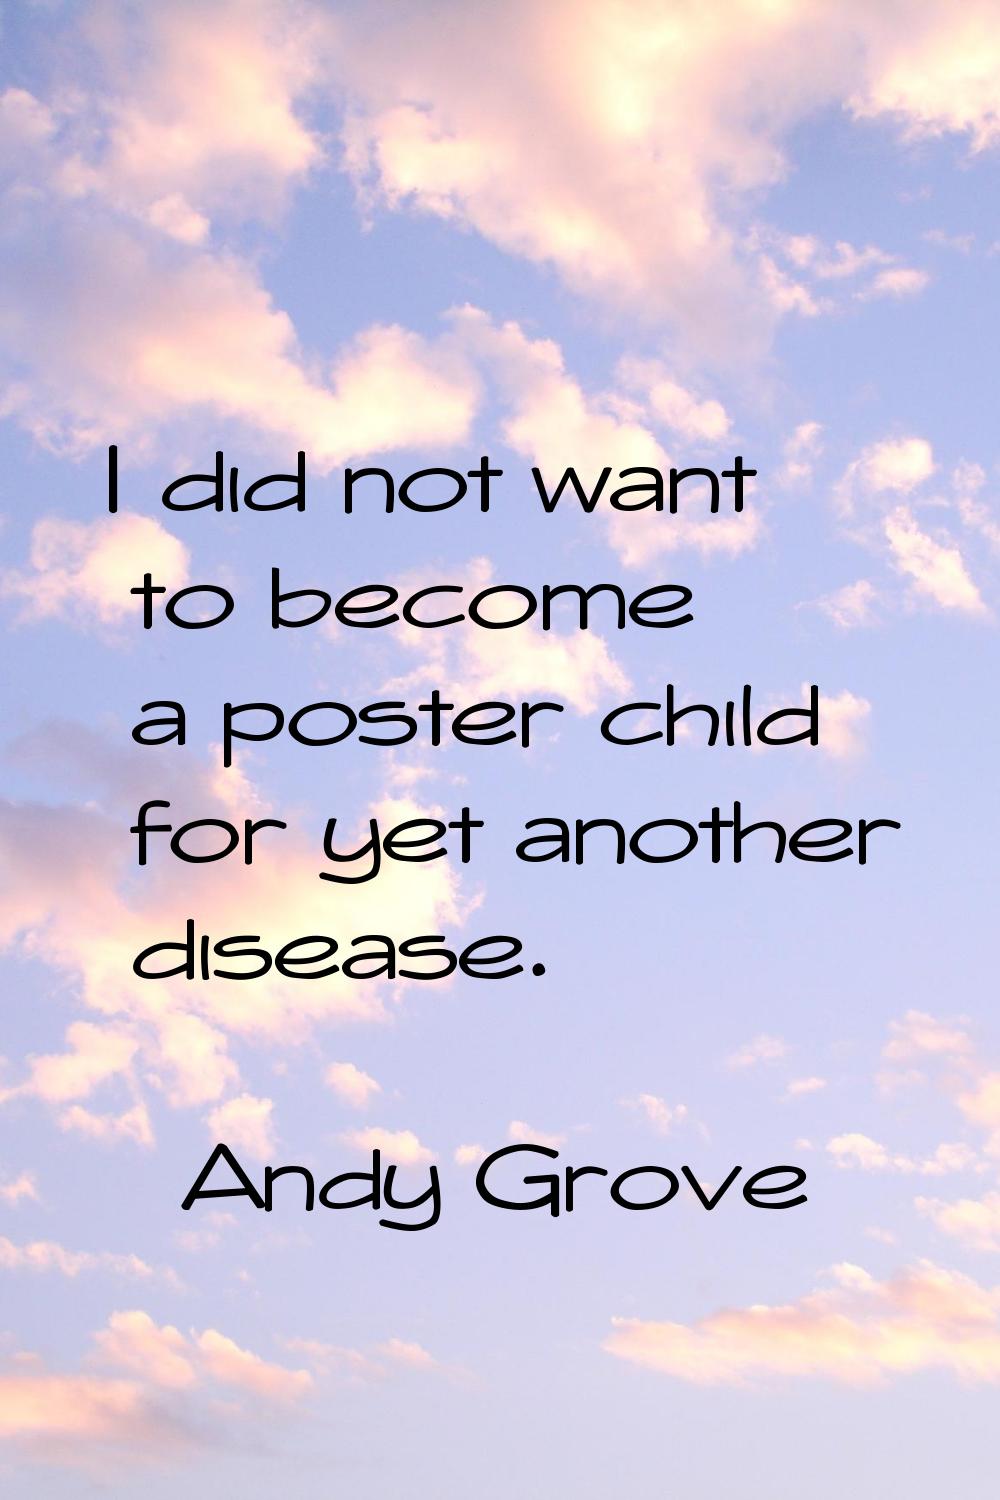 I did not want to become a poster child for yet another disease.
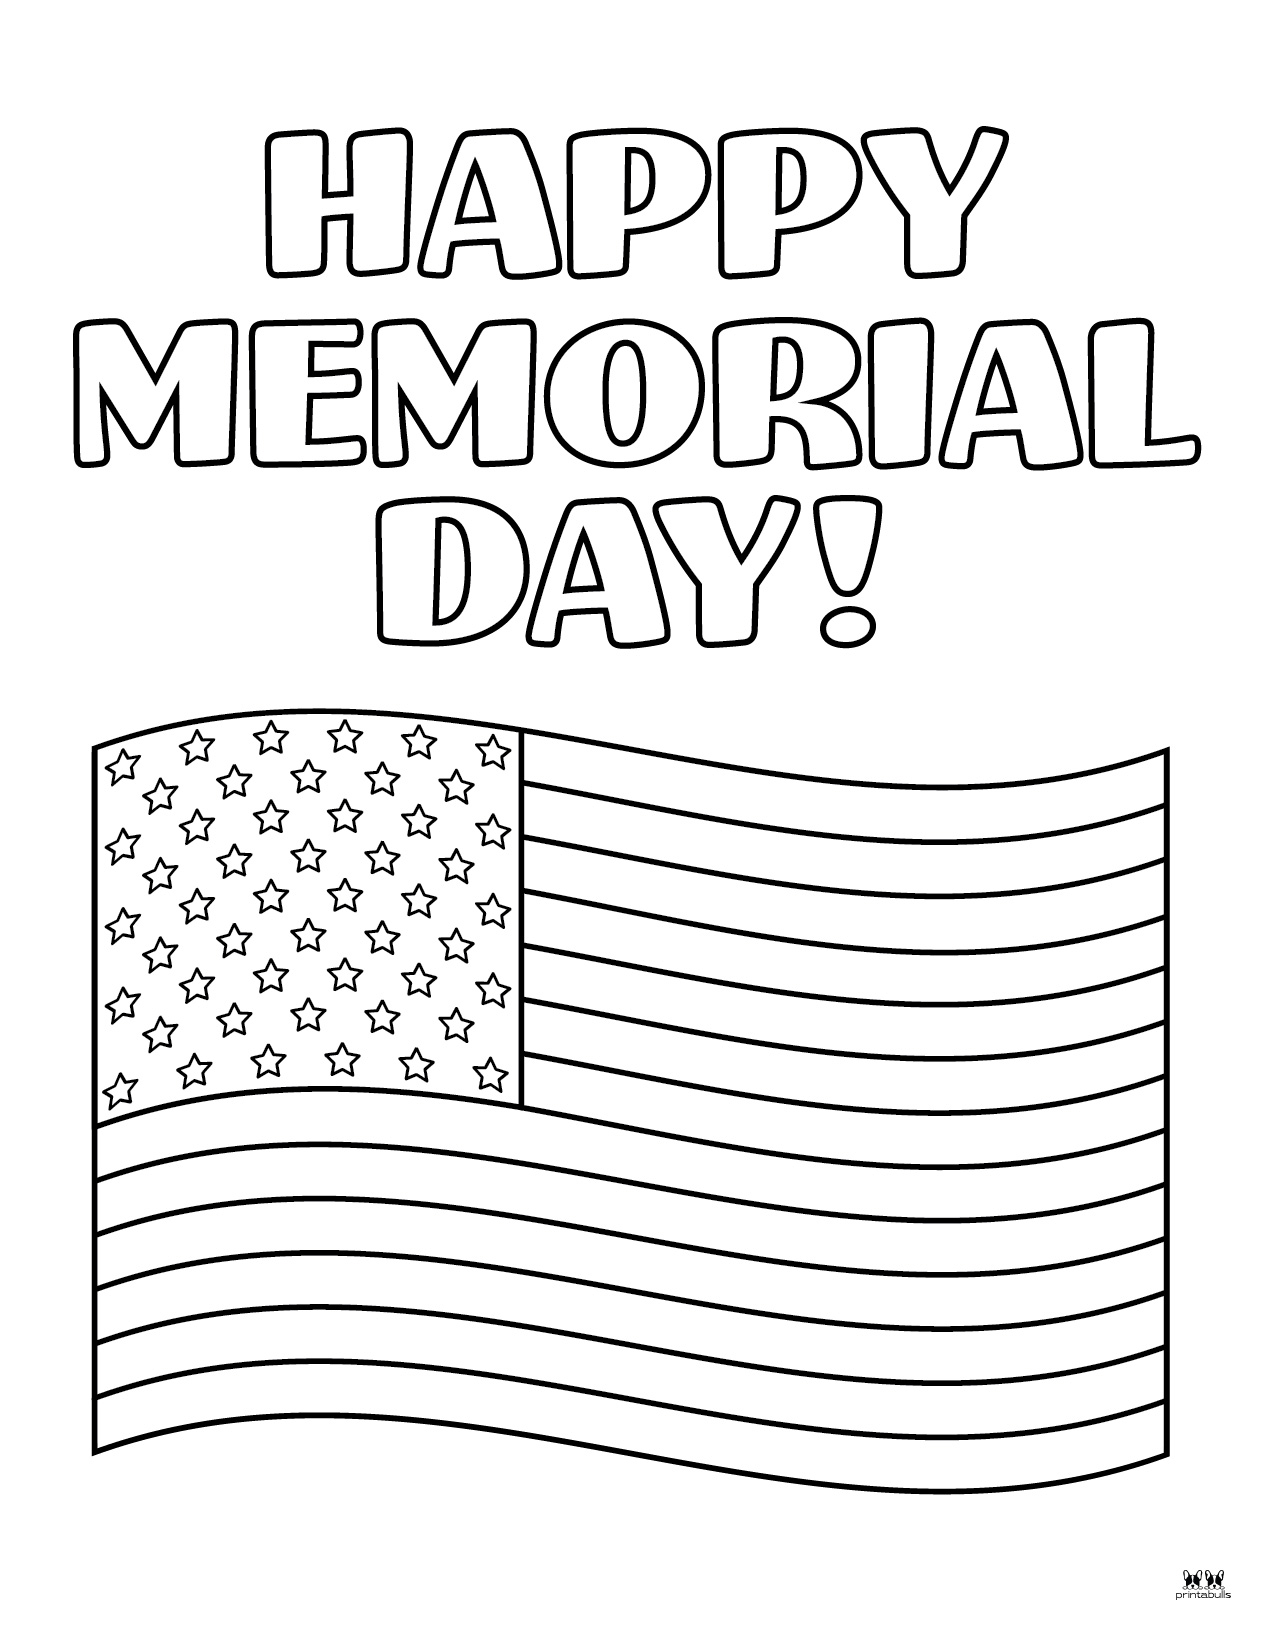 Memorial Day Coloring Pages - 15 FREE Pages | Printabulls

-------------------------

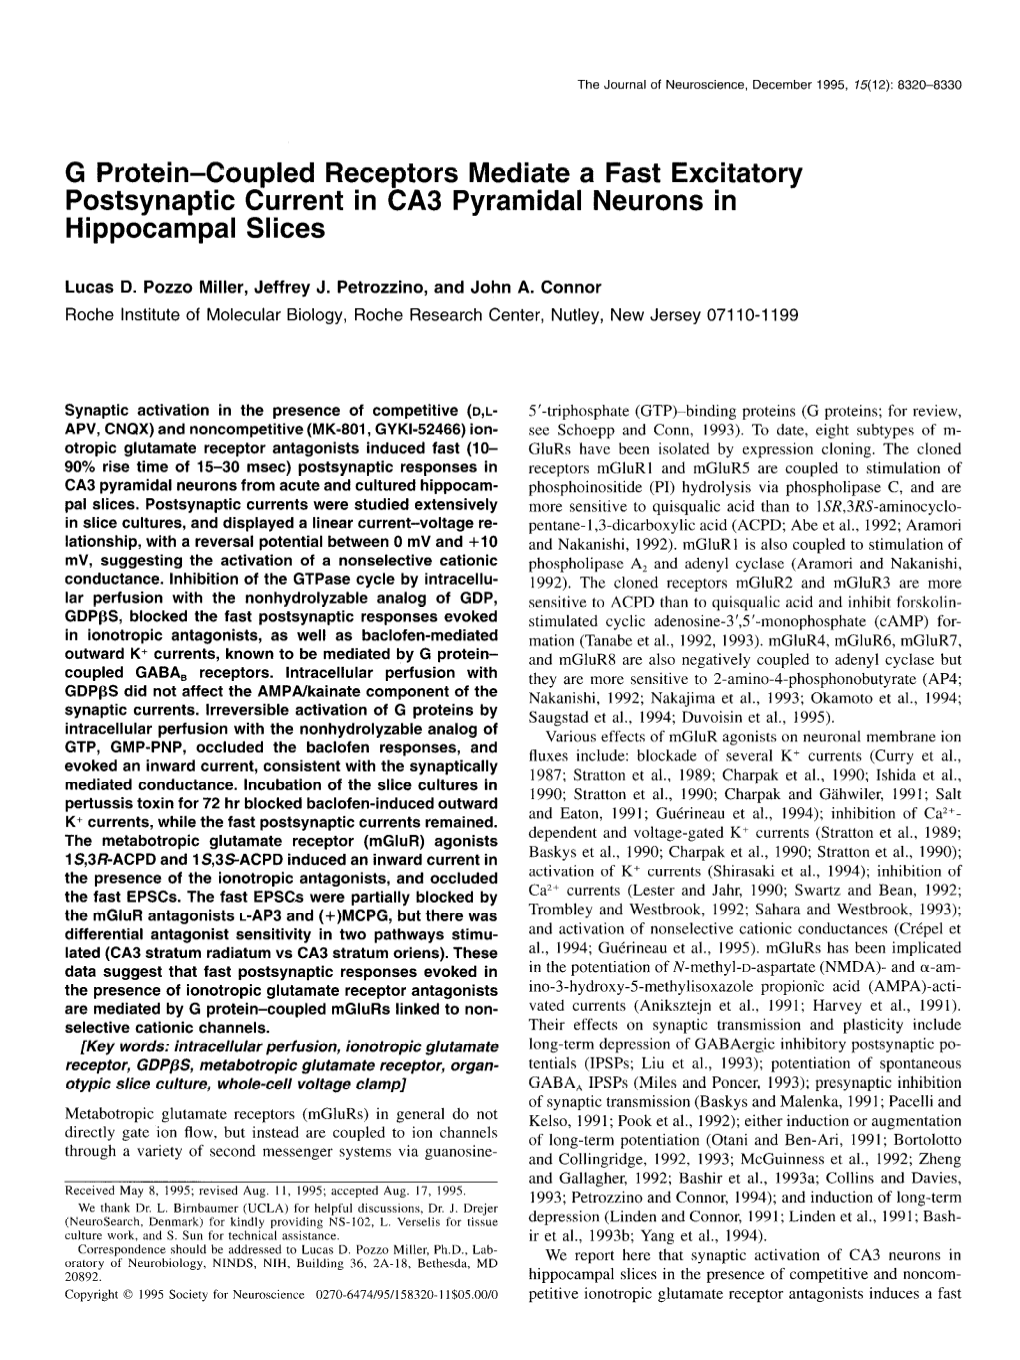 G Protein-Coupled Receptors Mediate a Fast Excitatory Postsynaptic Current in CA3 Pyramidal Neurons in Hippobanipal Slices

-------------------------

Exercise directions
Starting from the line with "I did not want" in the records above, repeat each line exactly until you have written the line with "Memorial Day Coloring", then stop; drop the pictures.

Finished exercise
 I did not want to become a poster child for yet another disease.
 Memorial Day Coloring Pages - 15 FREE Pages | Printabulls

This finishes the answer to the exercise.